Exercise aim: All lines in the records below from the line with "Carabine à plombs" through the line with "Long Sleeve Performance -Gray -XL" are to be given again exactly, both ends included; the pictures are to be left out.

Data in this exercise:
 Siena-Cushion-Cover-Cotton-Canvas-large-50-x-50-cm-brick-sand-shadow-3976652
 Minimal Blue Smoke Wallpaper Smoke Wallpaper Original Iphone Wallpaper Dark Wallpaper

* * *

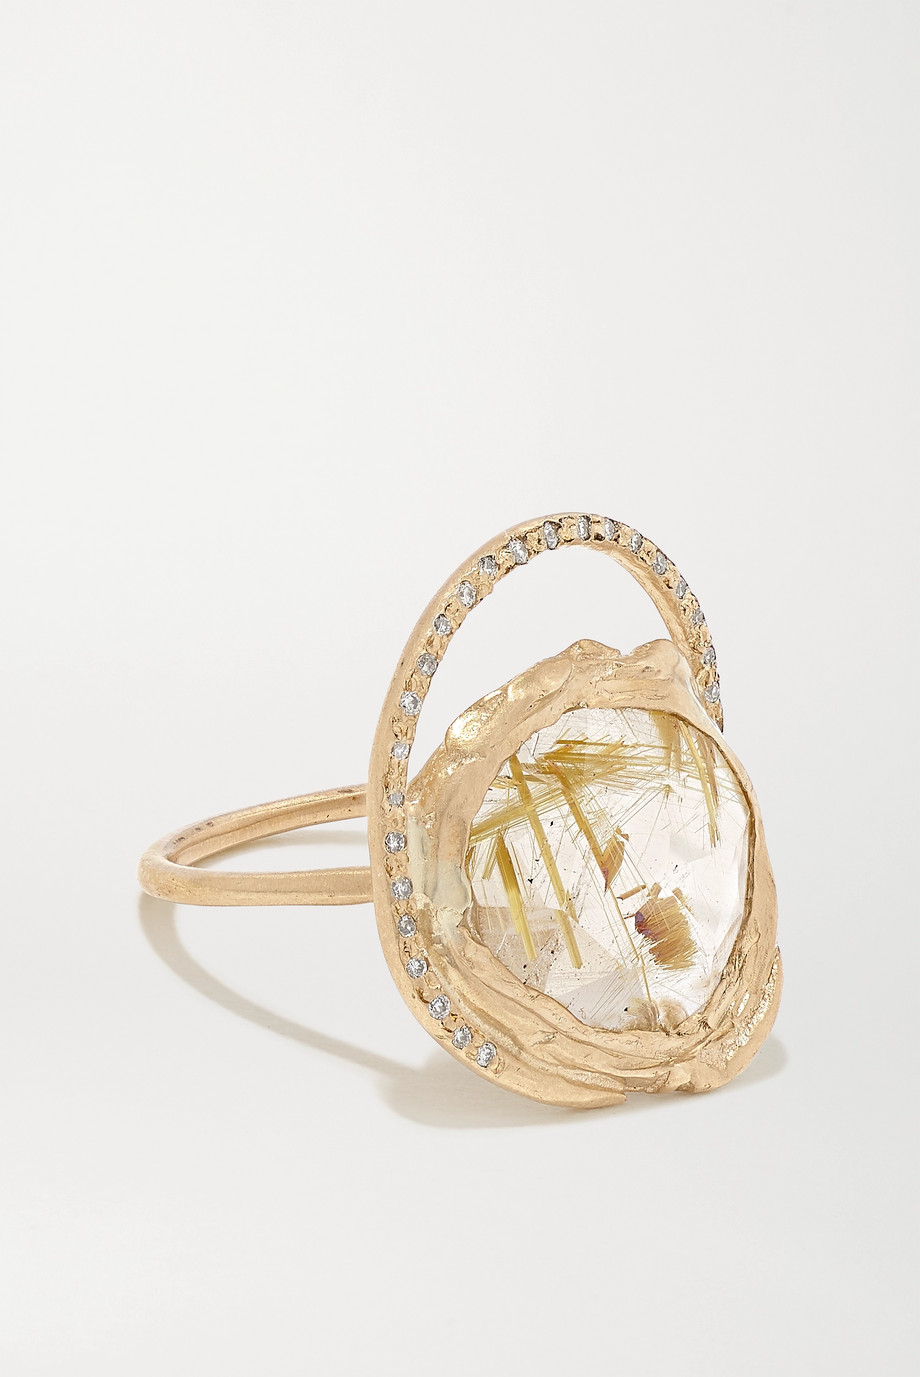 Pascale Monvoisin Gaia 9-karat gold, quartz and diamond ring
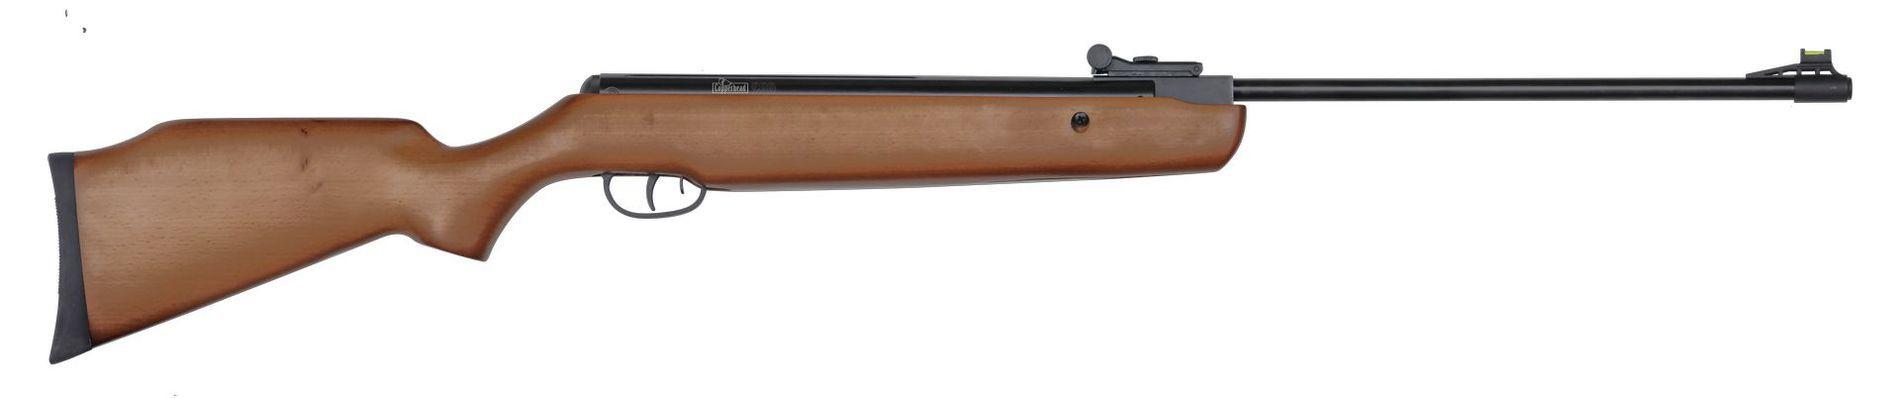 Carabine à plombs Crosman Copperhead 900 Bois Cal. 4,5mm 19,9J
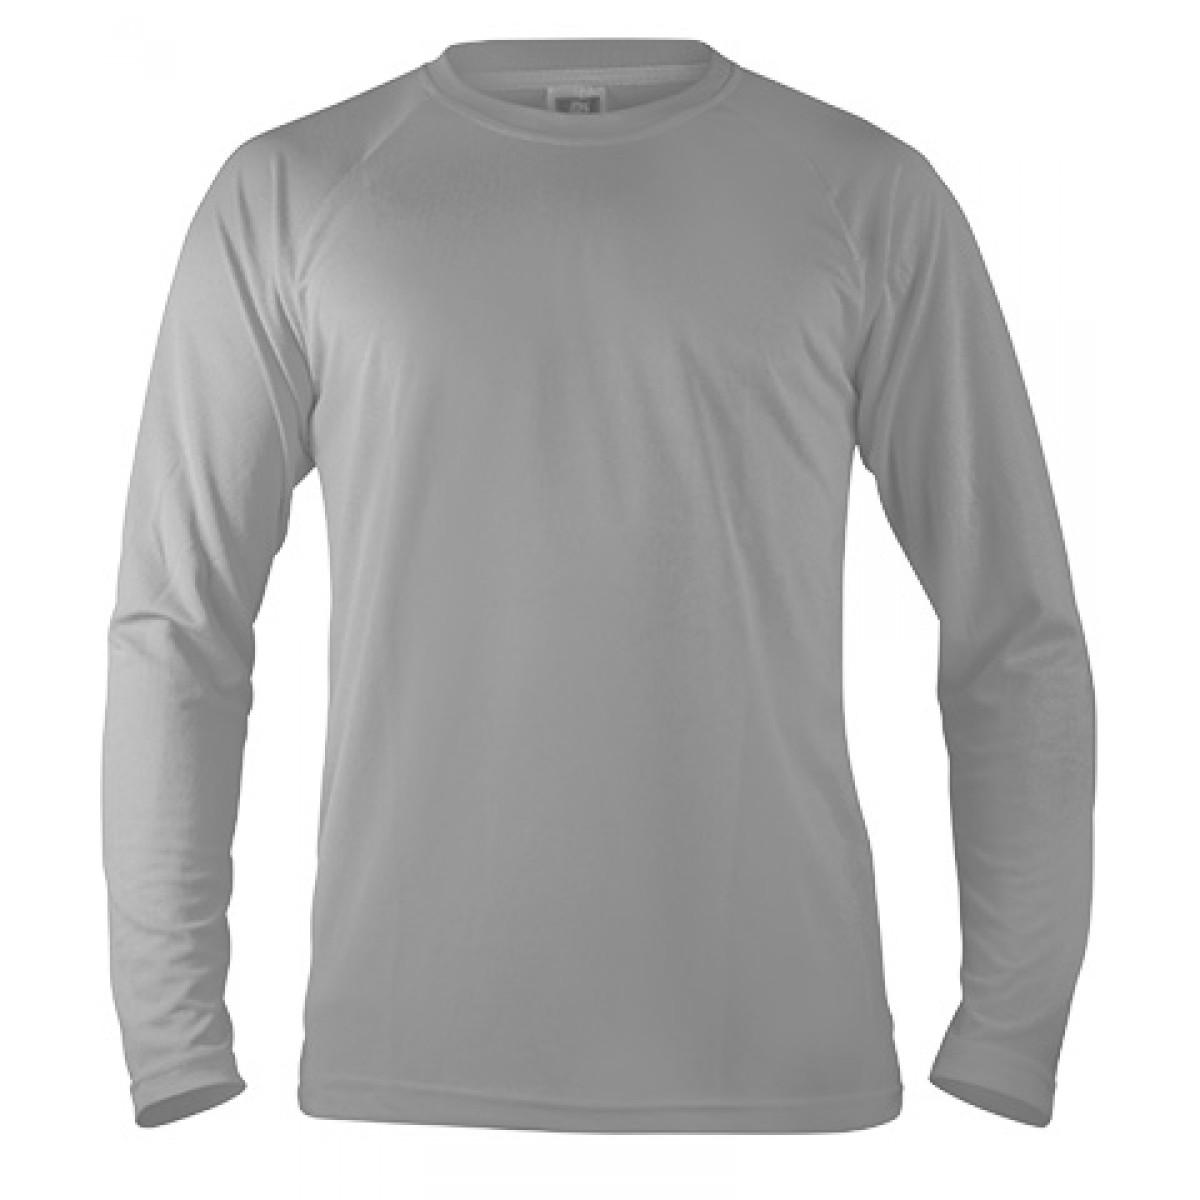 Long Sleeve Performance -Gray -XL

---

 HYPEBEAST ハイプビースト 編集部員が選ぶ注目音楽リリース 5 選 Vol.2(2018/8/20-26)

Task response:
 Carabine à plombs Crosman Copperhead 900 Bois Cal. 4,5mm 19,9J
 Long Sleeve Performance -Gray -XL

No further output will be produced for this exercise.